Non-Employee Director Compensation Policy

Contract Categories: Human Resources - Compensation Agreements
EX-10.1 2 ex-101nonxemployeedirector.htm EX-10.1 NON-EMPLOYEE DIRECTOR COMPENSATION POLICY Document

LegalZoom.com, Inc.

Eligible Director Compensation Policy
Each member of the Board of Directors (the “Board”) of LegalZoom.com, Inc. (the “Company”) who is not also serving as an employee of the Company or any of its subsidiaries and is not associated with or nominated by a private equity fund, venture capital fund or other entity that owned shares of the Company’s capital stock prior to the Effective Date (as defined below) (each such member, an “Eligible Director”) will receive the compensation described in this Eligible Director Compensation Policy (this “Policy”). An Eligible Director may decline all or any portion of his or her compensation by giving notice to the Company prior to the date cash is to be paid or equity awards are to be granted, as the case may be.
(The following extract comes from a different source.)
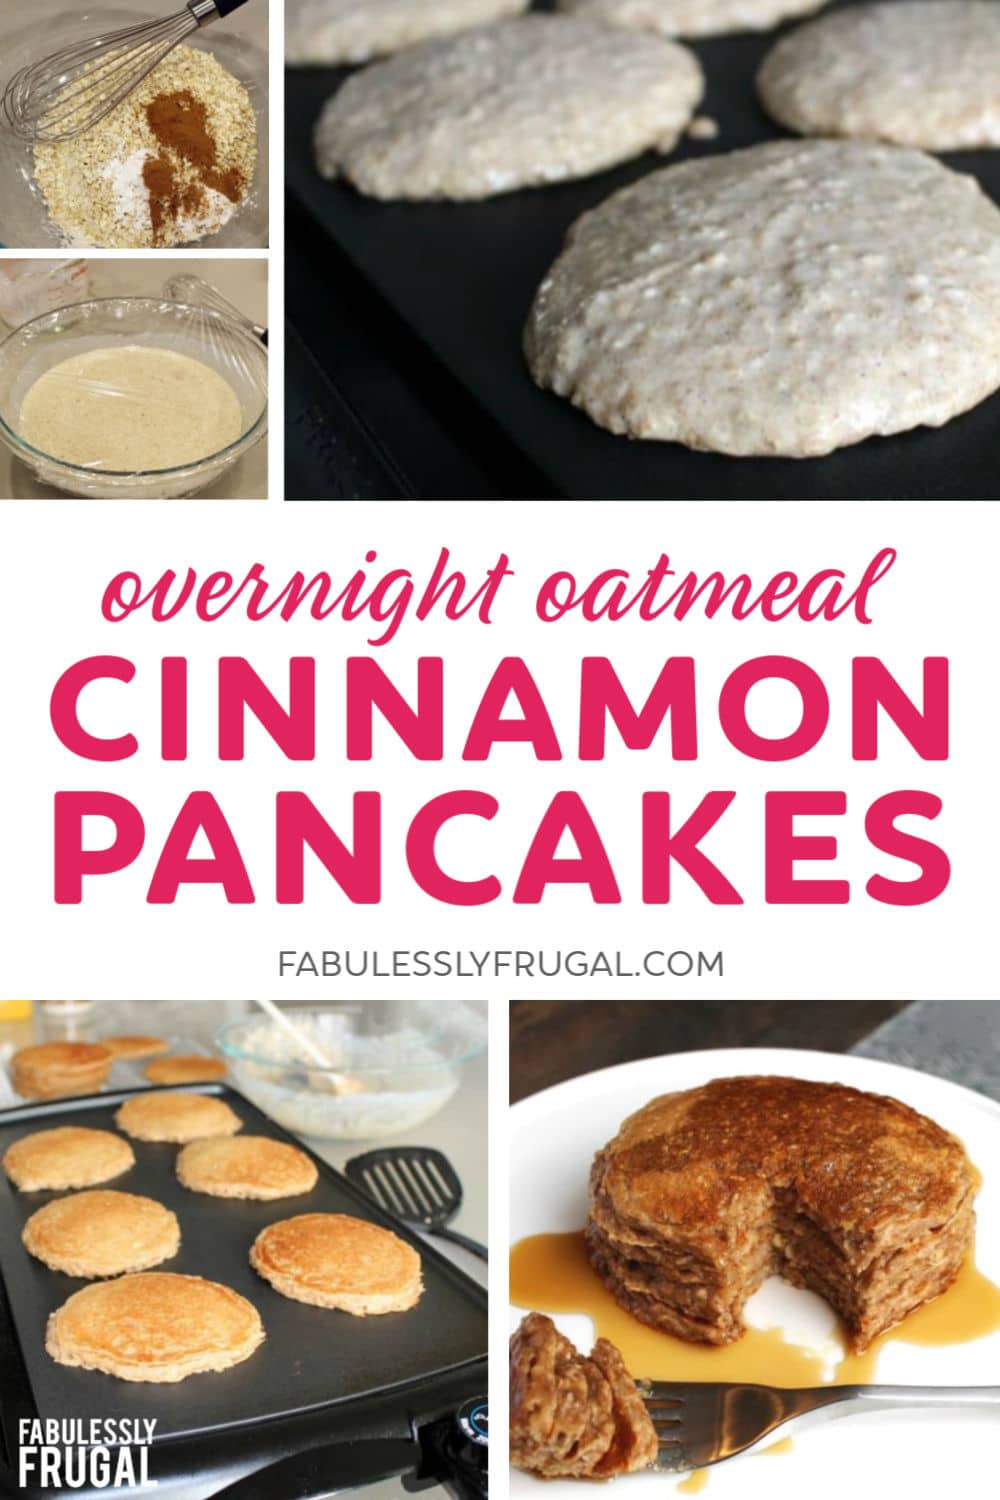 Overnight oatmeal cinnamon pancakes recipe

This Policy shall be effective as of the date the registration statement for the Company’s initial public offering of common stock is declared effective (the “Effective Date”) and may be amended at any time by the Board or the Compensation Committee of the Board.

1.Annual Cash Compensation.
1.1Cash Retainers. The annual cash compensation amount set forth below is payable to Eligible Directors in equal quarterly installments, payable in arrears on the last day of each fiscal quarter in which the service occurred. The first quarterly installment payable after the Effective Date to Eligible Directors in office as of the Effective Date will be pro-rated for the partial quarter measured from the Effective Date to the last day of the quarter. Further, if an Eligible Director joins the Board or a committee of the Board at a time other than effective as of the first day of a fiscal quarter, his or her first quarterly installment will be pro-rated based on days served in the applicable quarter. All annual cash fees are vested upon payment.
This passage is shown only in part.